À minha memória pertence igualmente a Filarmónica União
Sertaginense, menina do coração do meu Tio e Padrinho Manuel Martins da Silva
que a ela pertencia e a que presidiu nos anos oitenta do século passado, altura
em que a associação comemorava já os 150 anos de vida.
Tanto há a dizer
daquela terra bonita e simpática, que quase tudo fica por dizer. Mas há algo
que não pode ser esquecido, e tem a ver com a gastronomia. Devo reconhecer que,
muitas das vezes que me desloco à Sertã, o faço por um motivo principal: as
duas iguarias da terra, o bucho e o maranho.

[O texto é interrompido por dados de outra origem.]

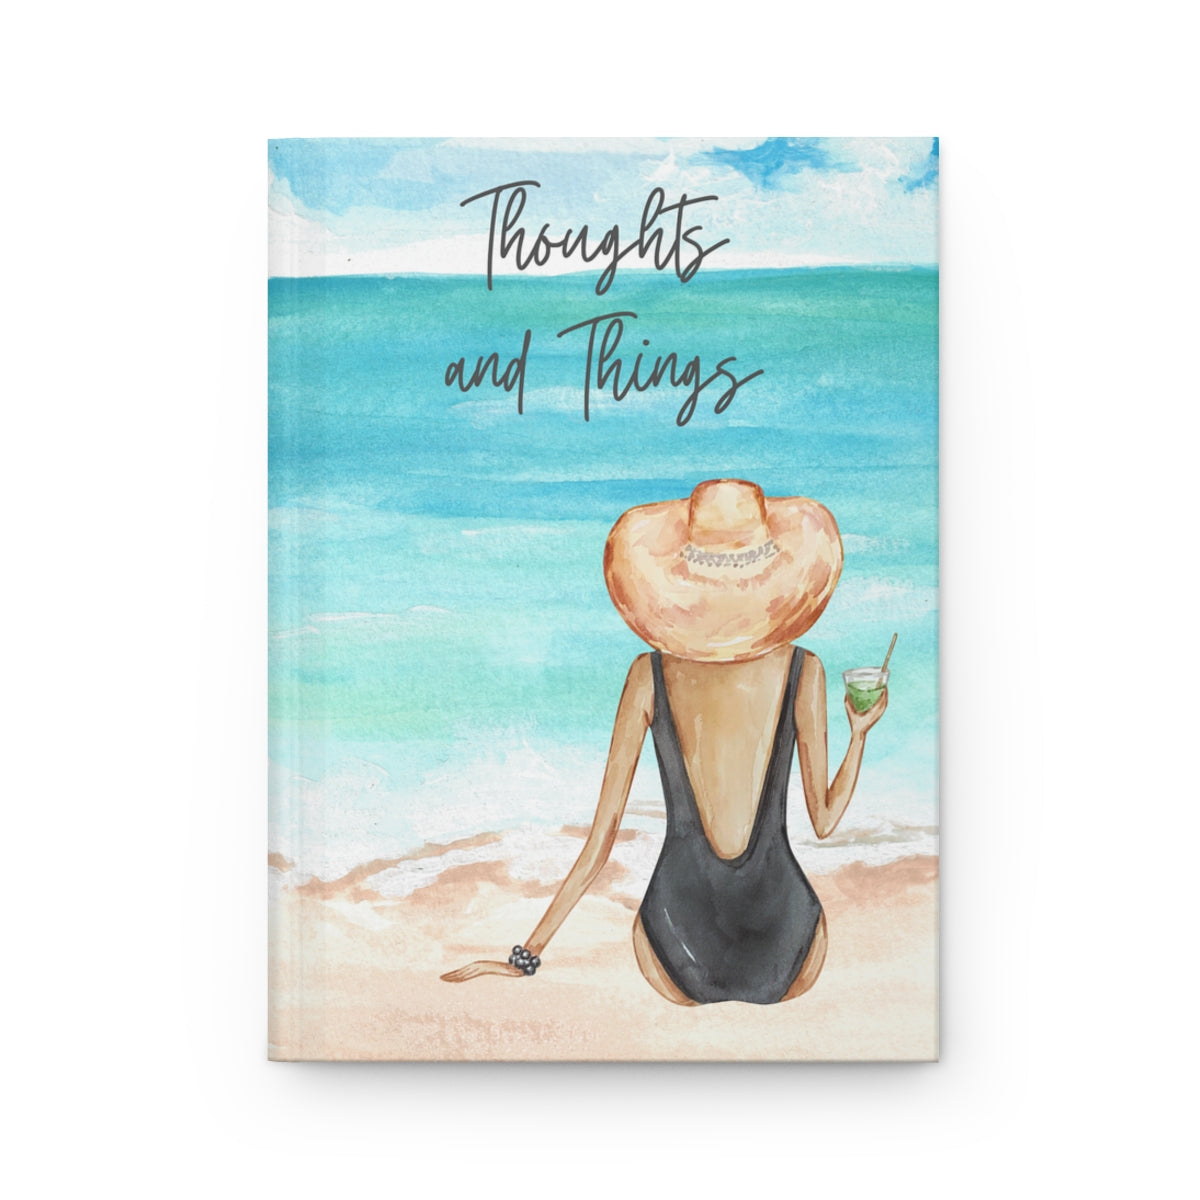 Hard cover notebook, Dotted Paper Journal, Beach Watercolor Journal, Thoughts & Things Journal, Lined Notebook, Lined Journal, Stationery - The Good Life Vibe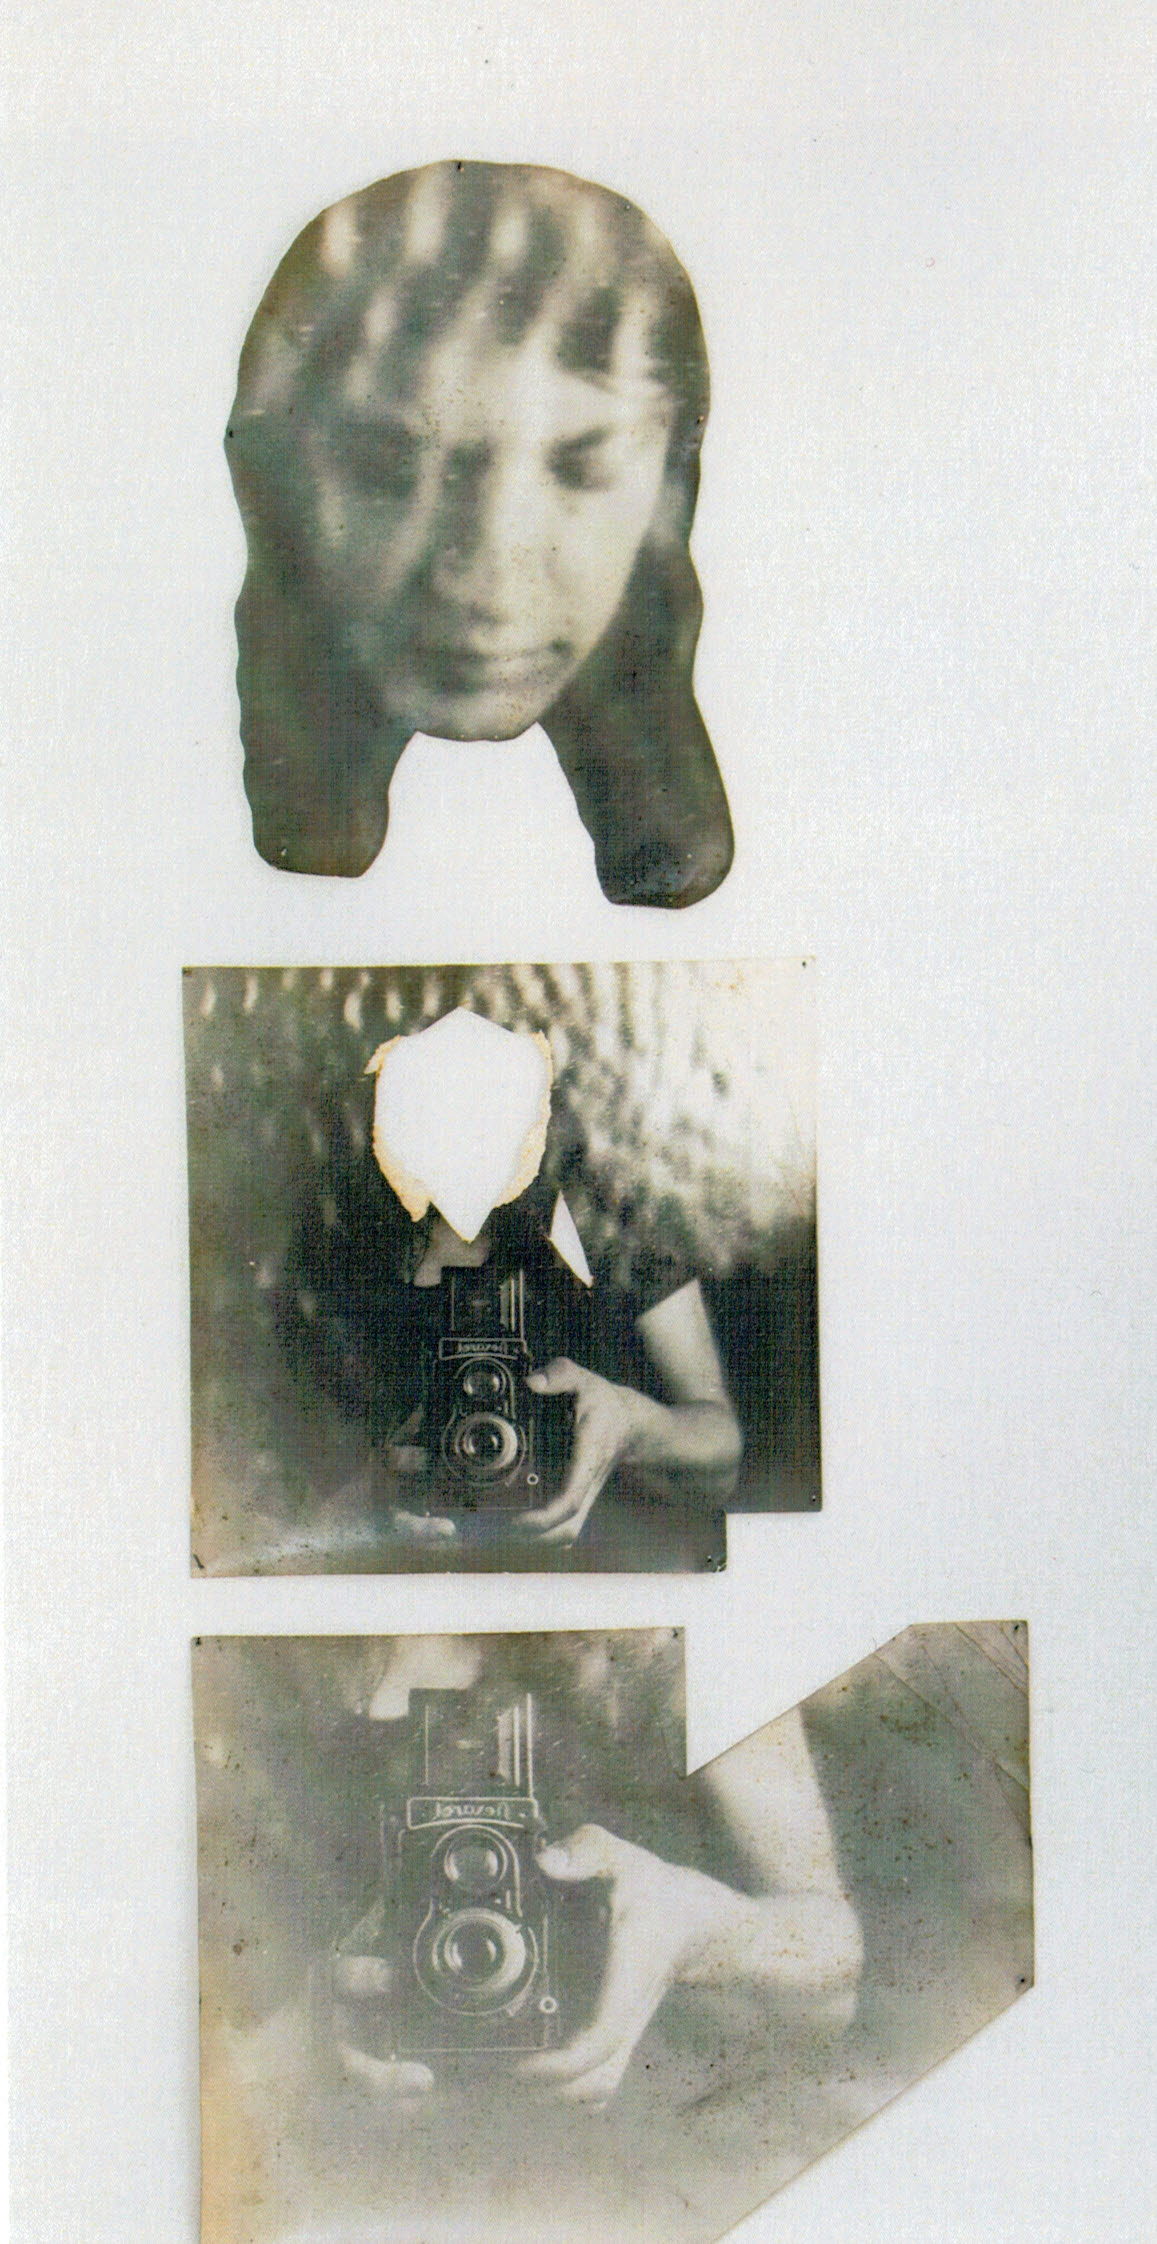 SELFPORTRAIT (1973) black and white photograph on cardboard

Não preciso de aqui enaltecer
estes dois pratos, que penso serem já sobejamente conhecidos e tidos como
especialidades gastronómicas. Mas devo, como fiz para outras referências acima
escritas, trazer a memória pessoal e lembrar como sabiam bem estes pratos após
o obrigatório bacalhau cozido na noite de consoada de Natal, quando todos os
familiares se sentavam à mesa.
Até pode ser que a
memória pinte com cores ainda mais simpáticas tudo o que se refere à Sertã mas
acredite, leitor, vale bem a pena conhecer aquela terra da Beira Baixa.